**Work to be completed**
In the copy, keep every line below as it is and leave out the pictures.

**Data segment**
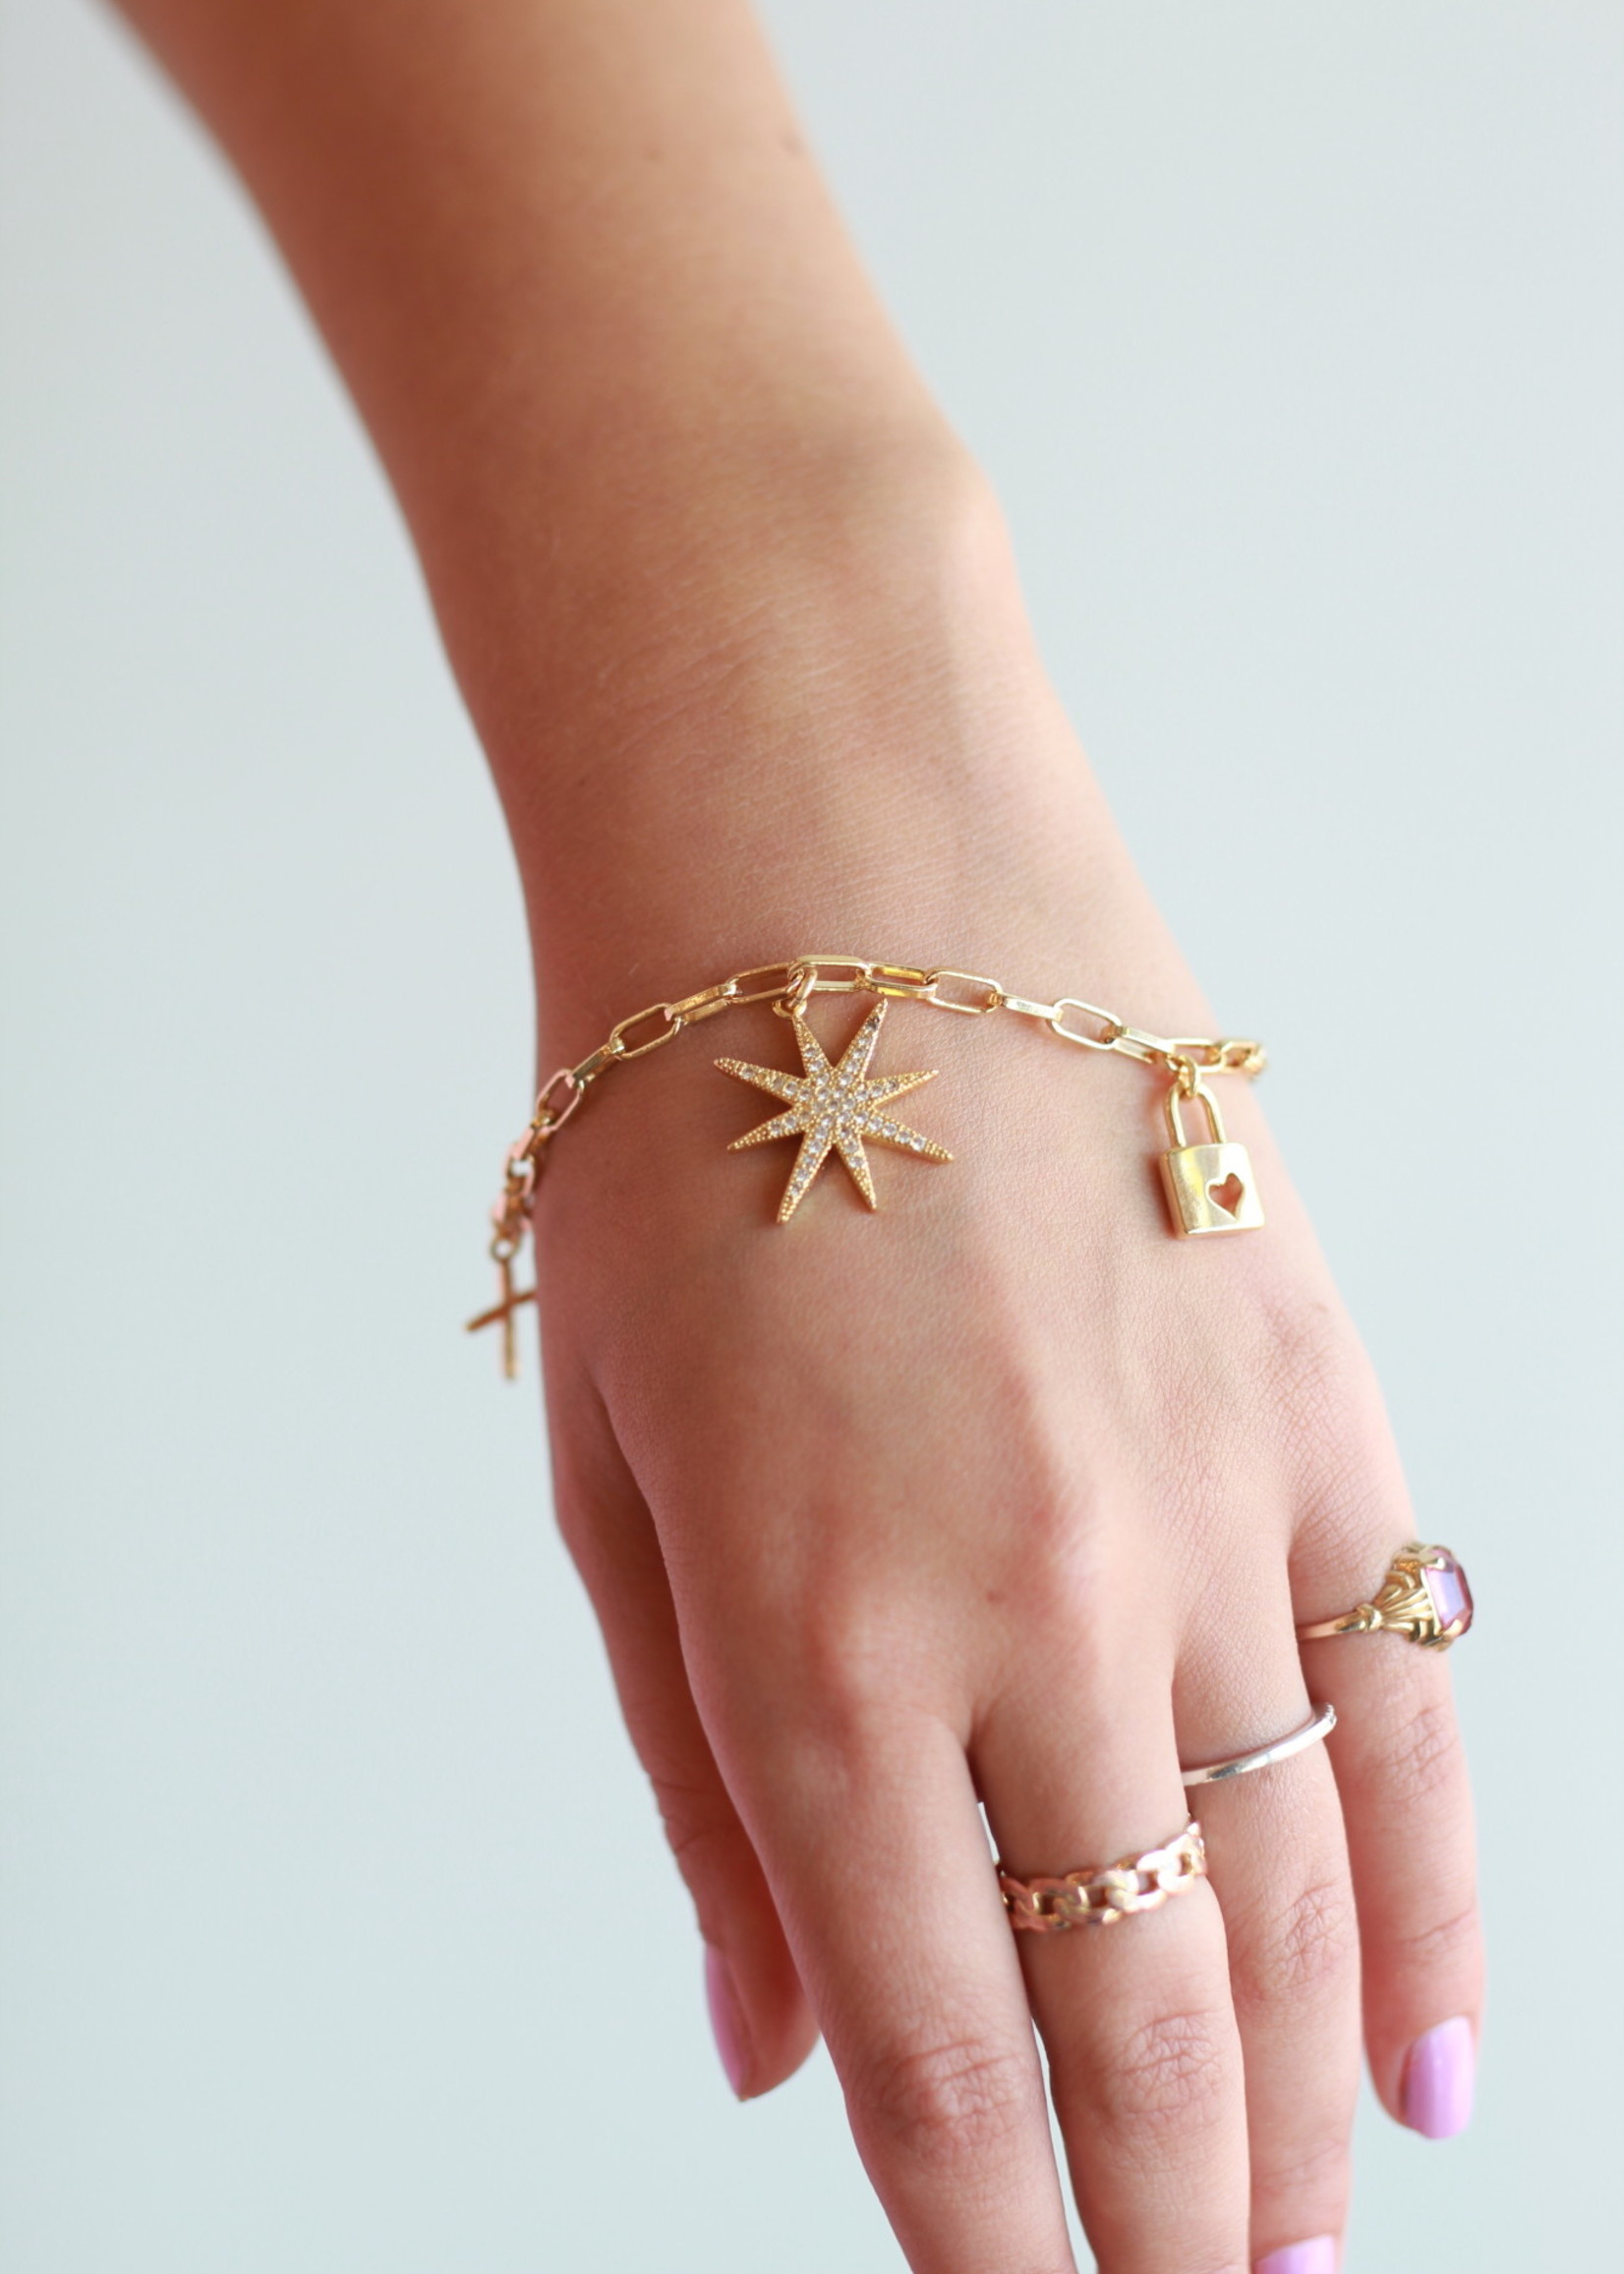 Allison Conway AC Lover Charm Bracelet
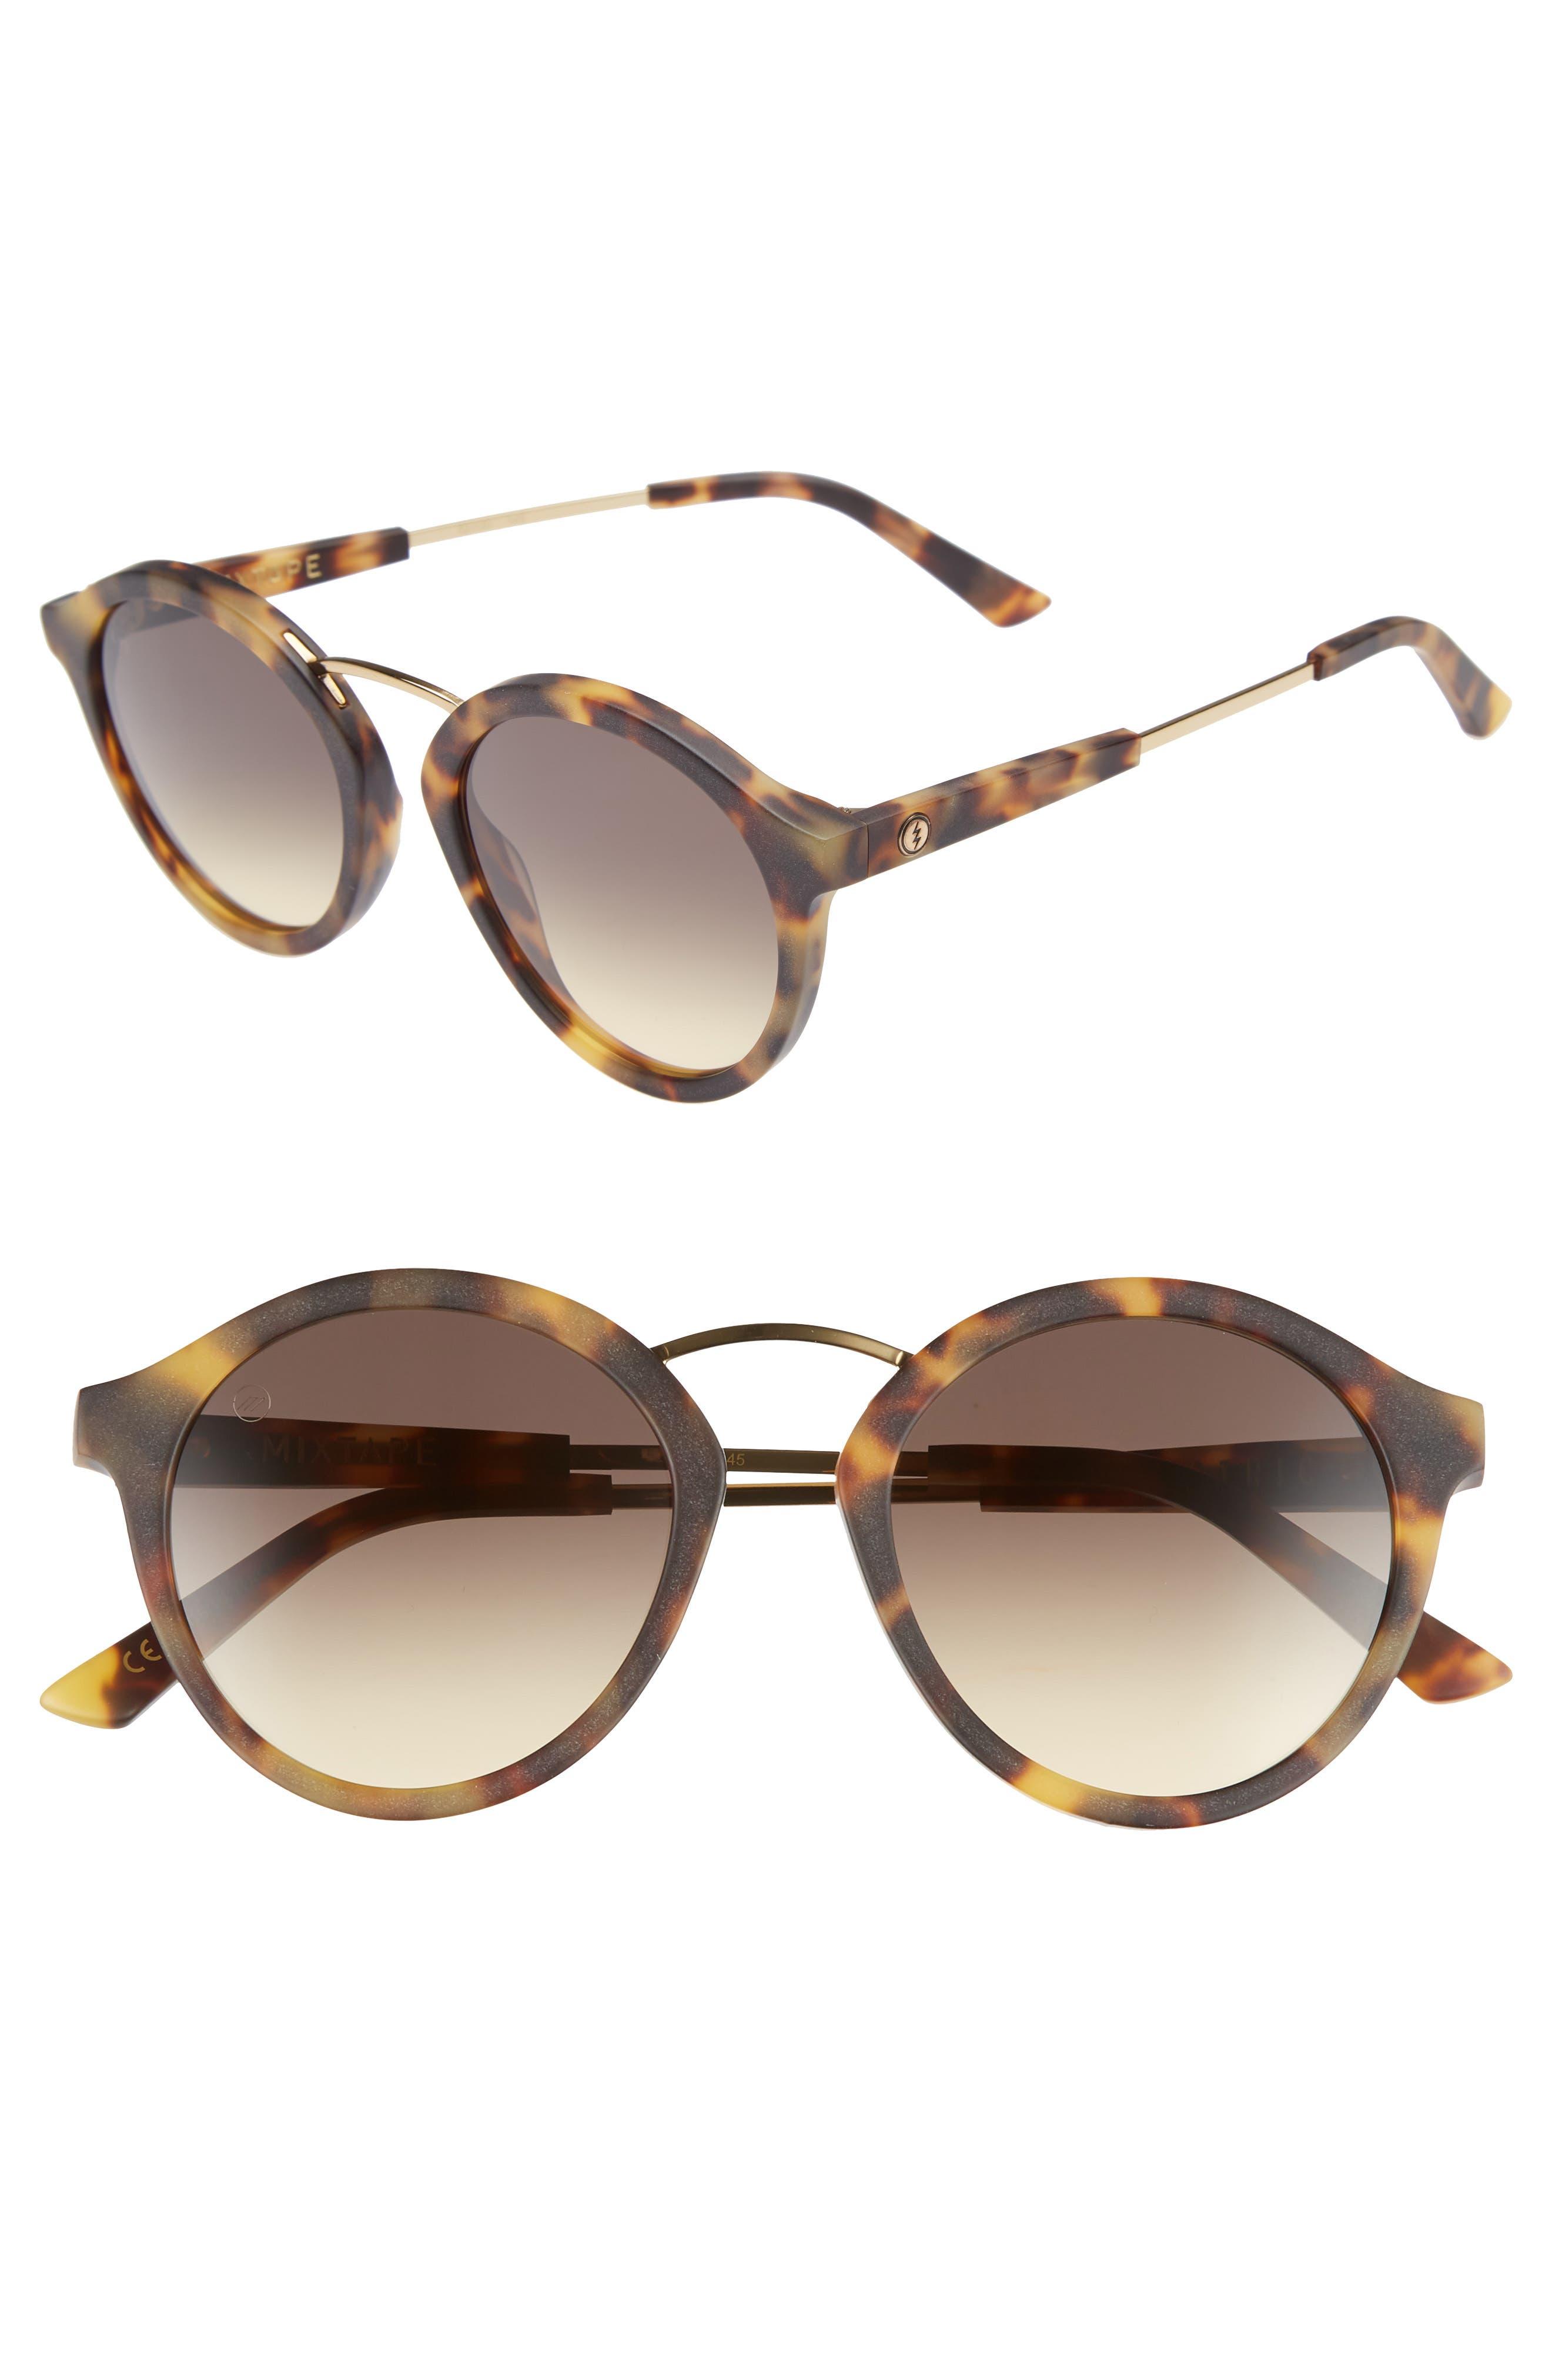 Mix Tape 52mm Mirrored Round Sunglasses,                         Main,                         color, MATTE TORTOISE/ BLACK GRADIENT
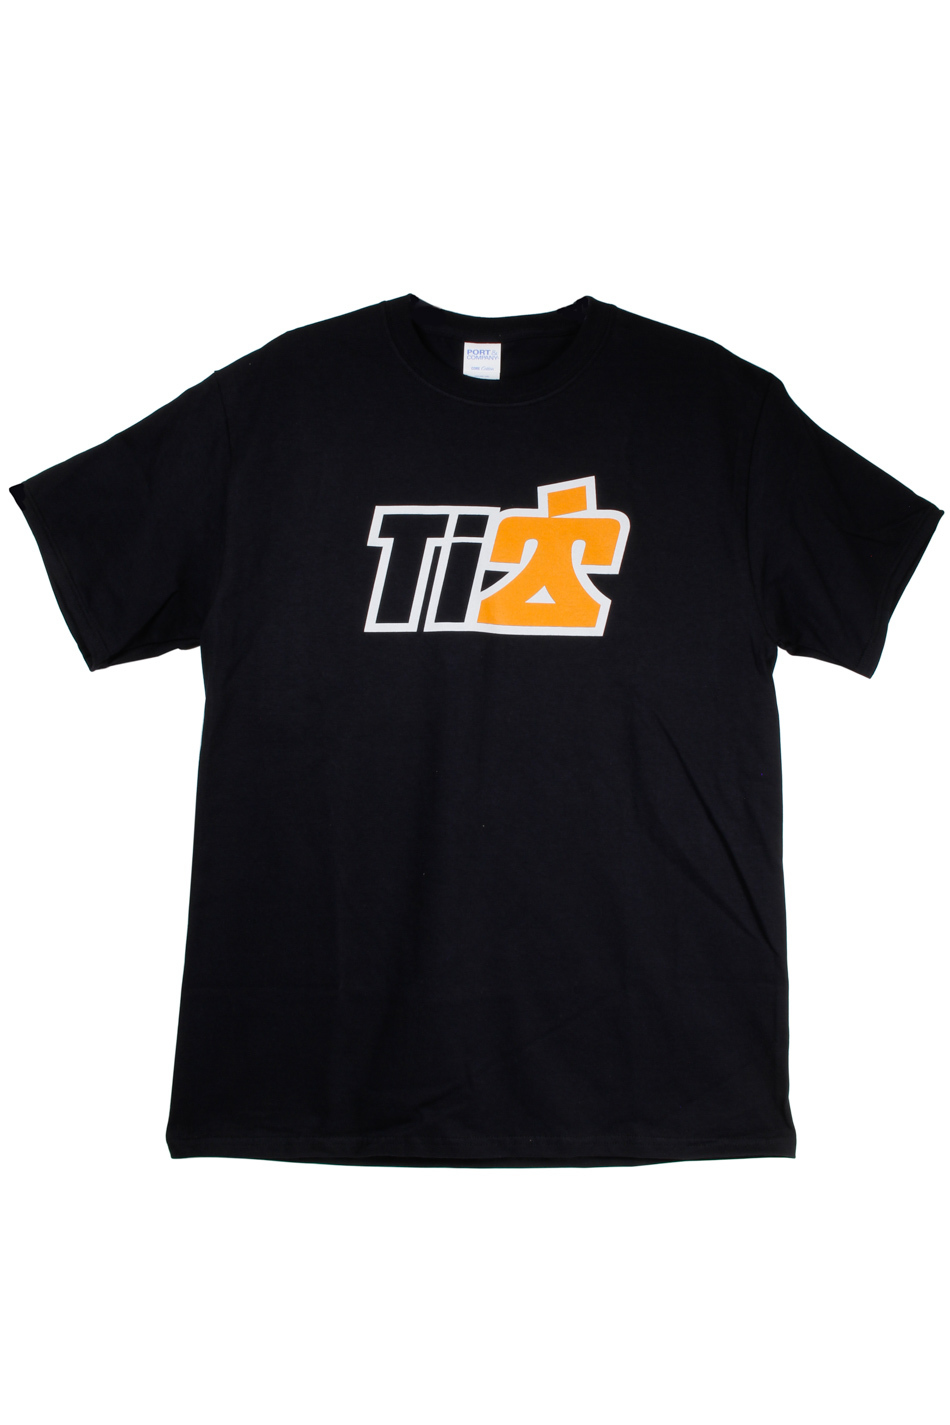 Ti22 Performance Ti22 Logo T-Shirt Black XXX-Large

**Result for this task**
 Allison Conway AC Lover Charm Bracelet
 Mix Tape 52mm Mirrored Round Sunglasses,                         Main,                         color, MATTE TORTOISE/ BLACK GRADIENT
 Ti22 Performance Ti22 Logo T-Shirt Black XXX-Large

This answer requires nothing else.